Abstract

Genital herpes is a common, distressing infection whose incidence has been underestimated. Recent serological surveys, employing type-specific antibody assays, show a rising prevalence of previous herpes simplex virus (HSV) type 2 infections in post-adolescent populations in developed countries; many of these infections have been asymptomatic. In some geographical locations, HSV-1 infections are a common cause of first episodes. They may occur in stable, monogamous relationships and are less likely to recur than genital infections caused by HSV-2. The clinical features of first episode genital herpes show marked individual variation in severity; they tend to be more severe in women than in men.
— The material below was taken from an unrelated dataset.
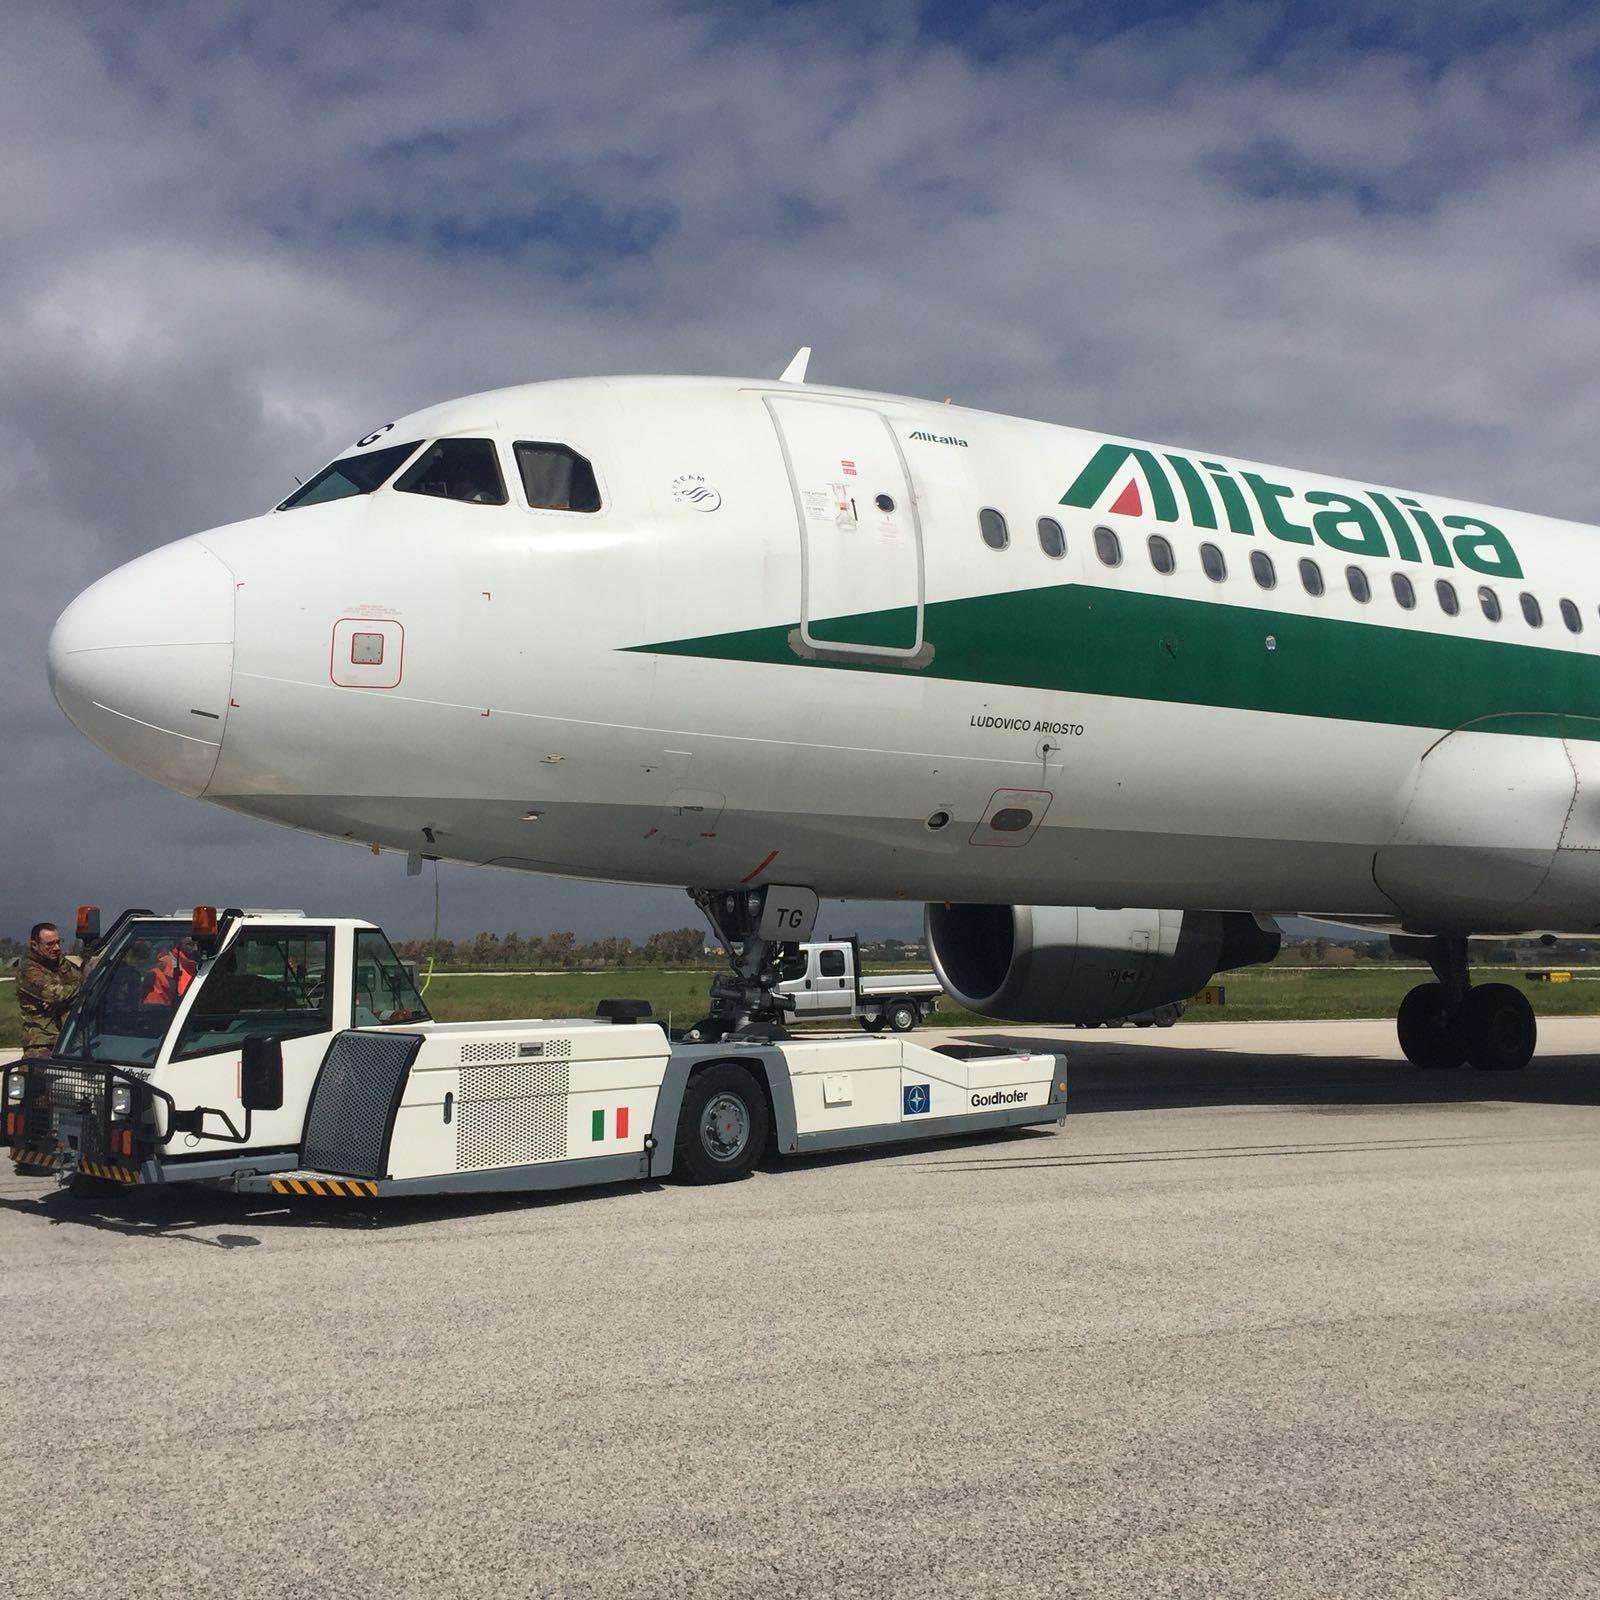 Problemi allo sterzo, aereo Alitalia atterra all'aeroporto militare di Birgi

Local and distant complications are common in immunocompetent individuals and may be life-threatening in those who are immunocompromised. The psychological and social consequences which result from the life-long infection and its risks of transmission to new sexual partners often prove more disabling to affected individuals than do the milder physical symptoms associated with recurrent episodes. Counselling, support, and patient education are essential components of management. Acyclovir is clearly established as the first choice therapy in both first and recurrent episodes of genital herpes. This drug has potent antiviral effect and provides significant clinical benefit in first episodes. Systemic therapy for initial episodes does not prevent either the establishment of latency or the development of future recurrences even when used in high or prolonged dosage. Episodic treatment of recurrences, with either oral or topical acyclovir, requires early patient initiation of therapy to provide significant clinical benefit.